The first generation (Mac) BibleTrans program had some checkboxes on each Greek text page for the user to select which lines of information should be visible, and the selection applied to the whole episode in that window. Experience suggests that there is not much need to be changing the amount of display on a regular basis, and that a Preferences panel can set defaults, and a contextual popup menu can alter the current page when needed. Thus we can think of the interlinear word cell as a (relatively) fixed height and composition, but (usually) taller than plain words. Each cell represents exactly one Greek (or Hebrew, implicitly every place instead of Greek) word, even though the English gloss for it may consist of several words, and an untagged item may offer several L&N suggestions. The cell word-wraps with the single text word, regardless of the size of its supporting gloss and tag lines, the largest of which determines the physical cell width.

Current thinking is to build a frequency-sorted index of all the fully inflected Greek words, listing in that index not only the spelled-out form, but also its lexical form ("lemma") and parse code, and if appropriate, the English gloss. Like the regular document words, we can include for ease of word-wrap decisions, the pixel width of this cell. L&N tags are just numbers, but (in the case of context-sensitive glosses) the English gloss phrases require a separate index, which can be embedded by default in the word cell item and/or included in the text along with the L&N tag number and the cell index number. Even in the case of context-sensitive glosses, the number of different glosses for each Greek word is probably under a dozen.

There are slightly less than 20,000 different inflected Greek words in the New Testament; this number can easily fit into a standard 16-bit integer. A second 16-bit (or smaller) number indexes the lexical form of the word from the same list, and another can index all possible parse codes. There are just under 8000 L&N concept numbers, again indexable in less than 16 bits. Alternatively, the parse codes and L&N numbers can be fully represented in one 32-bit word each. If we use the node shape gloss linked in BibleTrans to the L&N concept number, then we need no additional bits to encode the English gloss in the Greek interlinear text cell, resulting in a minimal cell storage of 64 bits.

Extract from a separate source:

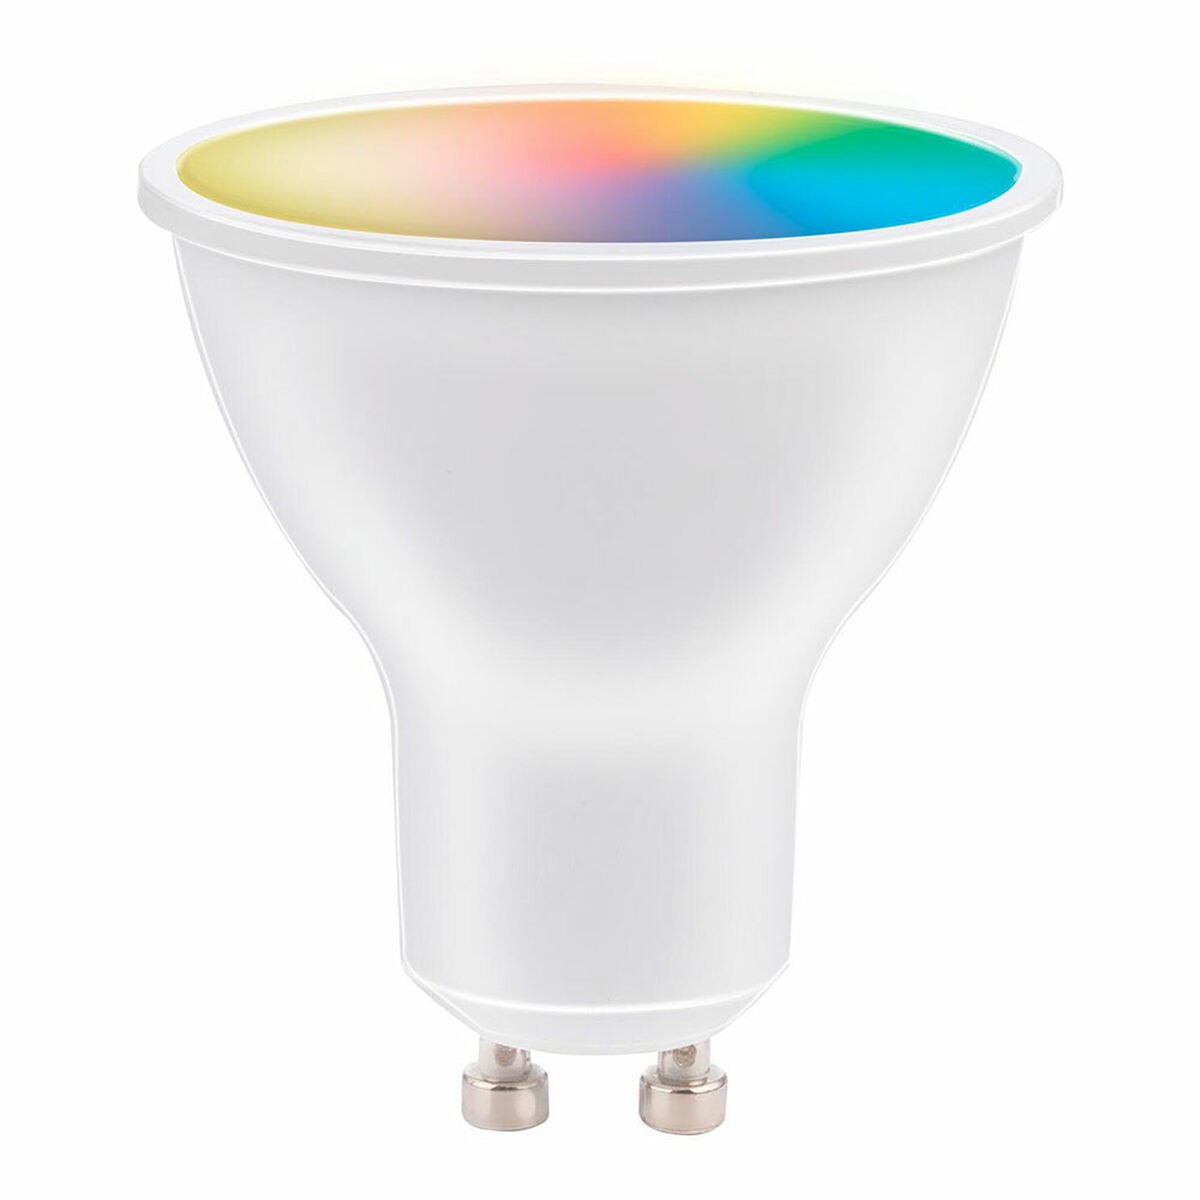 Smart Light bulb Alpina RGB 4,9 W 2700-6500 K GU10 470 lm Wi-Fi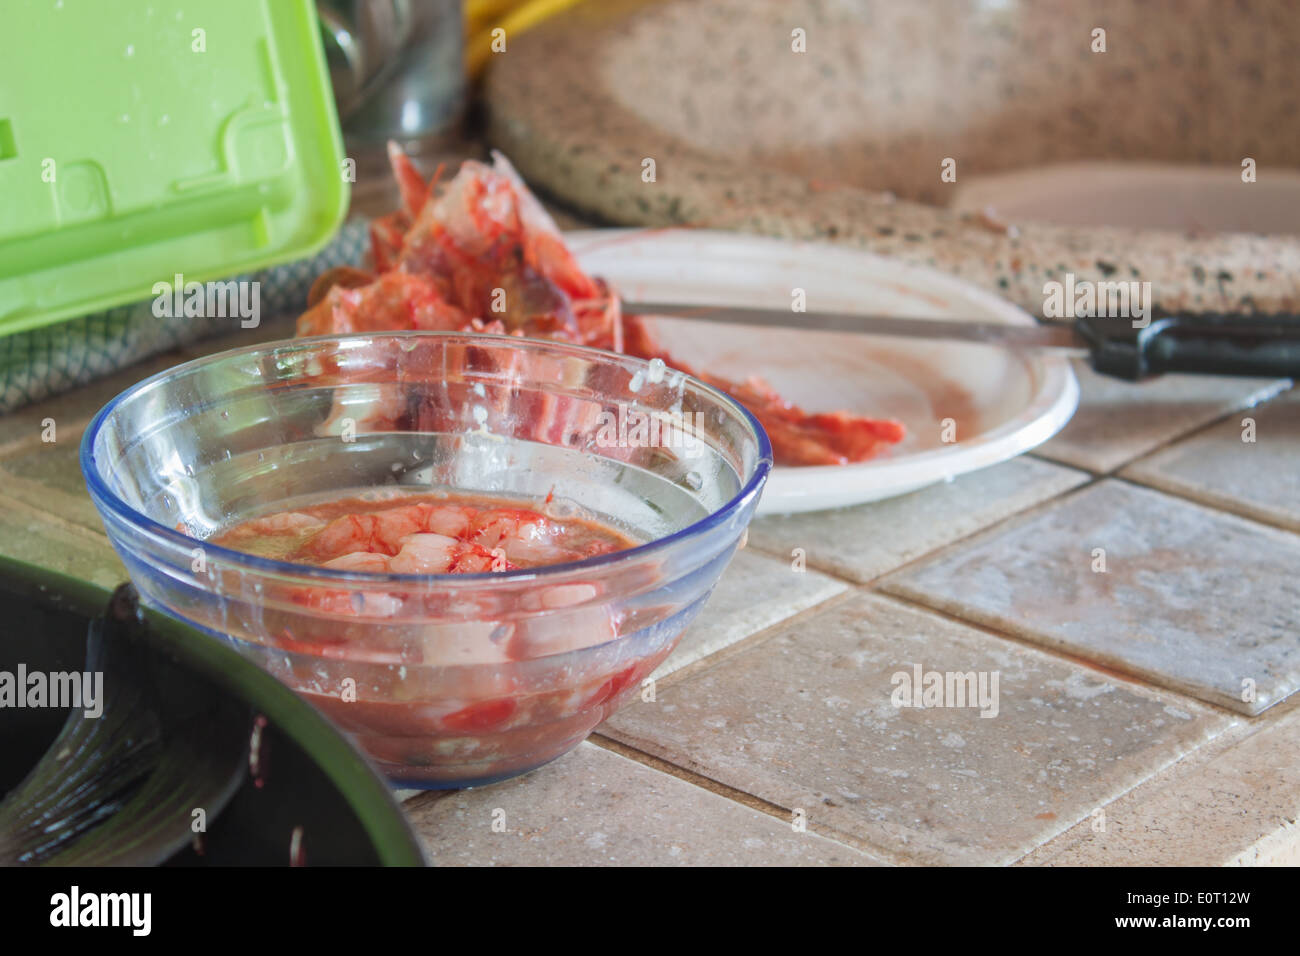 Preparar marisco limpiar basura camarones plato taza cocina home closeup Cook La cocina nadie Foto de stock

I decided to put the L&N tag in the body of the text, so it can be individually set for each Greek word. The remaining 16-bit slot in the cell is used to index a sequence of one or more possible English gloss words for this Greek word, the actual selection packed into the body text. Thus the same Greek word can be glossed in any of several ways if needed, on the assumption that the number of different glosses for any given Greek word form is relatively small. Adding precomputed pixel widths for each part gives us the following 3-word ILGW cell format:

GkwdLemm Gkwd: index to inflected Greek word GrkX
Lemm: index to lexical form, also in GrkX

ParsGlos Pars: index to parse code Pars
Glos: index to set of glosses GloX

0cPwLwIw 0c:   additional pixel width if caps
Pw:   parse code byte length
Lw:   lemma pixel width
Iw:   inflected word pixel width

Like the other word indexes, this is sorted by frequency, so the most common items are contained in a single Resource #1 (see Base Resources for encoding details), and the additional items are collected in a single resource for each text episode. An episode represents a translation unit, typically a story or topic, typically determined by a section heading in the Greek text. In the case of the unedited public domain text paragraph breaks from the (1901) ASV are used.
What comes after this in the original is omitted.